Das Haus spiegle den Zweck der Stiftung vielfältig wider, zu der die Begegnung der Bevölkerung, die Förderung des kulturellen Lebens und damit die nachhaltige Verbesserung der Lebensqualität zählen. Die Einweihungsfeier sei einem kleinen Dorffest gleichgekommen – von der bunten Programmgestaltung und Verpflegung mit Beteiligung der Vereine bis zum Ansturm der Besucher quer durch alle Altersschichten, darunter zahlreiche Familien. «Walter Kaufmann hätte es gefallen», ist die Stiftungsratspräsidentin überzeugt. «Er mochte es, in der Gemeinschaft und unter Menschen zu sein.»
Zeichen der Verbundenheit
Ein «Dorf-Original» nennt sie den 2011 91-jährig verstorbenen, unverheirateten Landwirt. Von einem Gehörschaden betroffen, habe er von Kind auf kein einfaches Leben gehabt. Umso eindrücklicher sei die Grosszügigkeit, die nach seinem Ableben zu errichtende «Walter Kaufmann-Stiftung» als Alleinerbin einzusetzen.
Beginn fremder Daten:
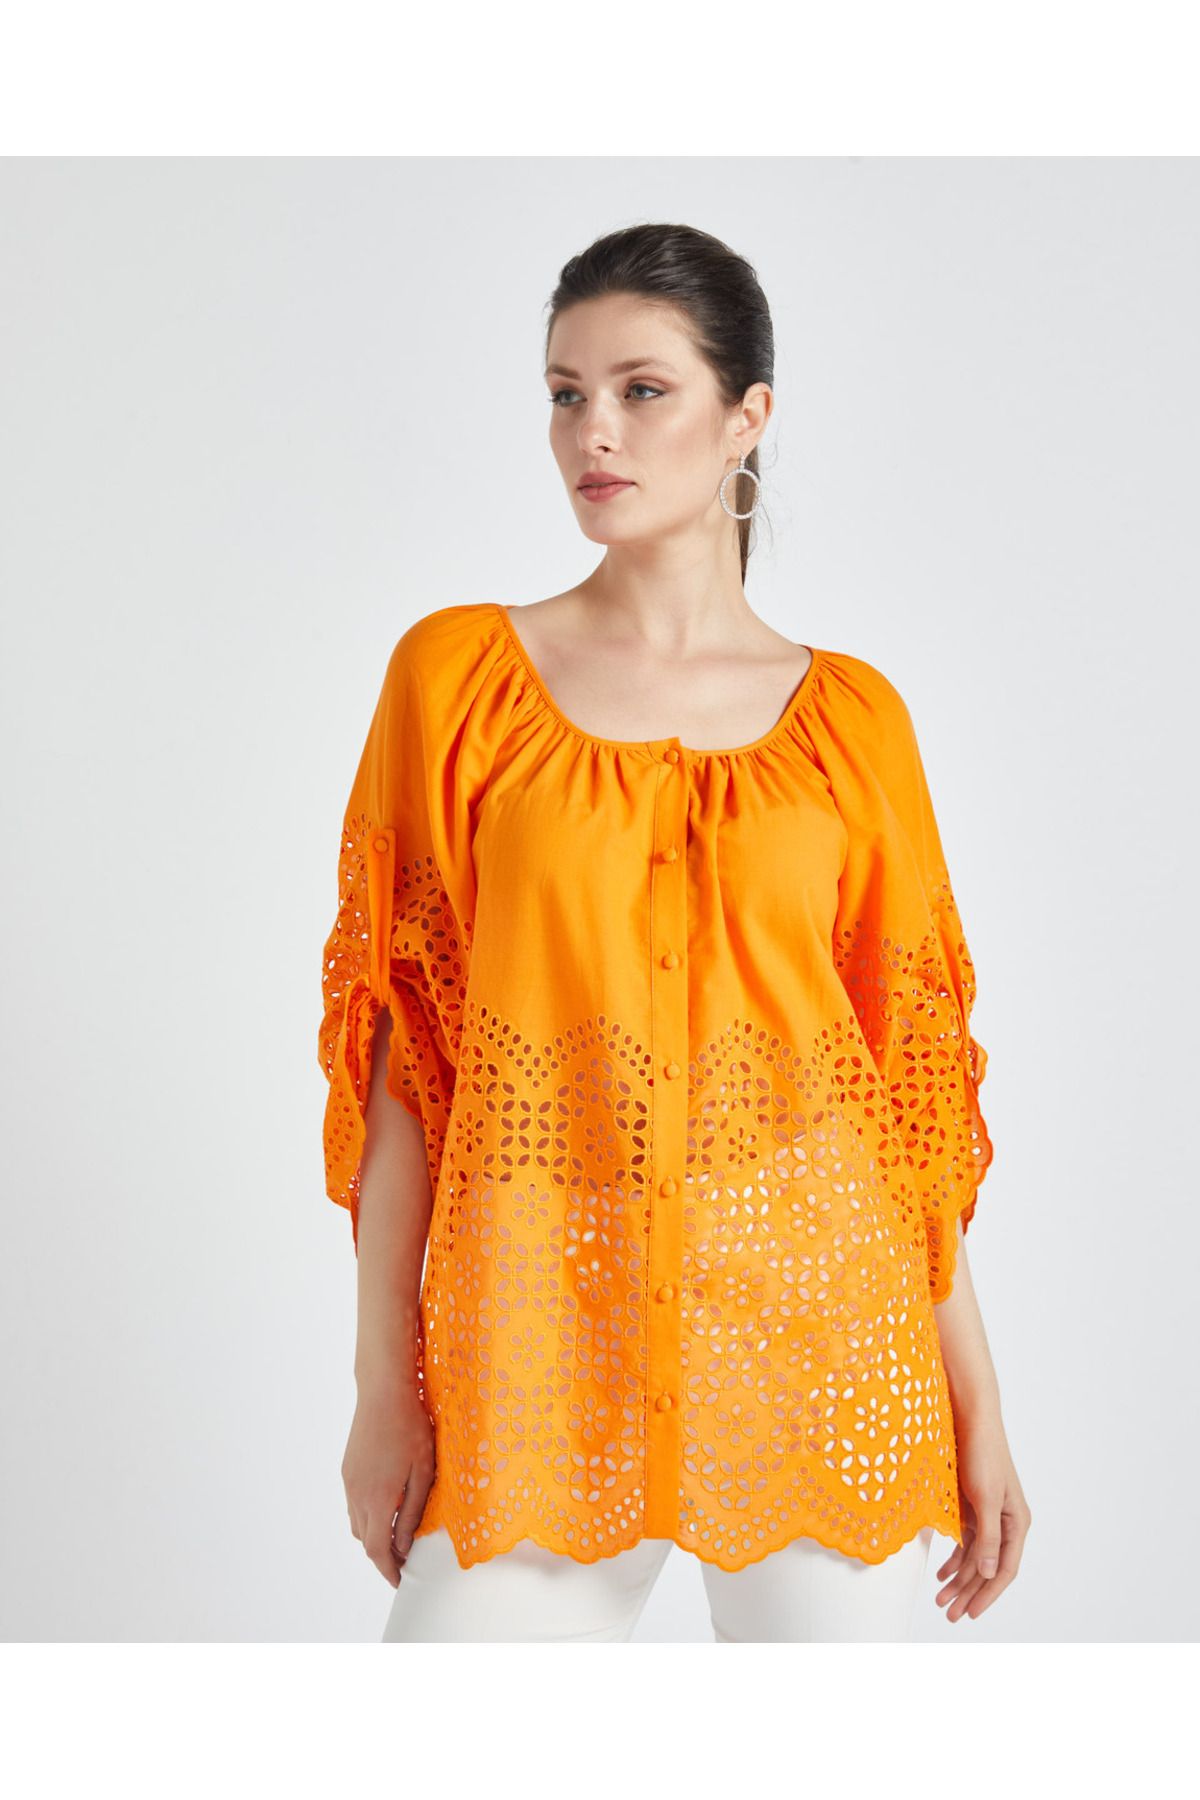 Serpil Serpil Kadın Orange Gömlek 35938

Als Geschenk an die Einwohnerinnen und Einwohner soll diese während 50 Jahren im Sinne des Stifters in der Gemeinde Rümlang gemeinnützig wirken und dann abgeschlossen sein. «Ein schöner Gedanke und Zeichen seiner Verbundenheit mit dem Dorf», sagt Regine Rauch-Straub: «In Rümlang, wo er daheim und bis ins hohe Alter aktiv war, lebt er so noch viele Jahrzehnte weiter.»
Die vermögende Stiftung gewährt Beiträge zur Förderung der Dorfkultur an gemeinnützige, kirchliche, kulturelle, sportliche und wohltätige Einrichtungen in Rümlang, jedoch keine Direkthilfen an Privatpersonen. Breit präsentiert sich die Themenvielfalt der in den ersten zehn Jahren unterstützten Projekte, die auf der Website der Stiftung nachzulesen sind. Sie reichen vom Sonnensegel für den Dorfplatz (2013) und Ruderalflächen am Bahndamm (2015), der Erneuerung des evangelisch-reformierten Kirchgemeindehauses (2016), Gwändli für Jugend und Vereinstrainer des Turnvereins (2020), Buchprojekte und Konzerte, diverse Anlässe für Senioren bis hin zu Waldtagen für Schulkinder, welche im vergangenen Jahr vom Forst Rümlang ins Leben gerufen wurden. Wiederkehrenden Projekten wie diesem werde für bis zu fünf Jahre Unterstützung zugesprochen, bevor darüber neu entschieden wird, erläutert Regine Rauch-Straub: «Oftmals müssen sich Projekte erst einspielen. Dies gibt den Beteiligten die nötige Planungssicherheit.»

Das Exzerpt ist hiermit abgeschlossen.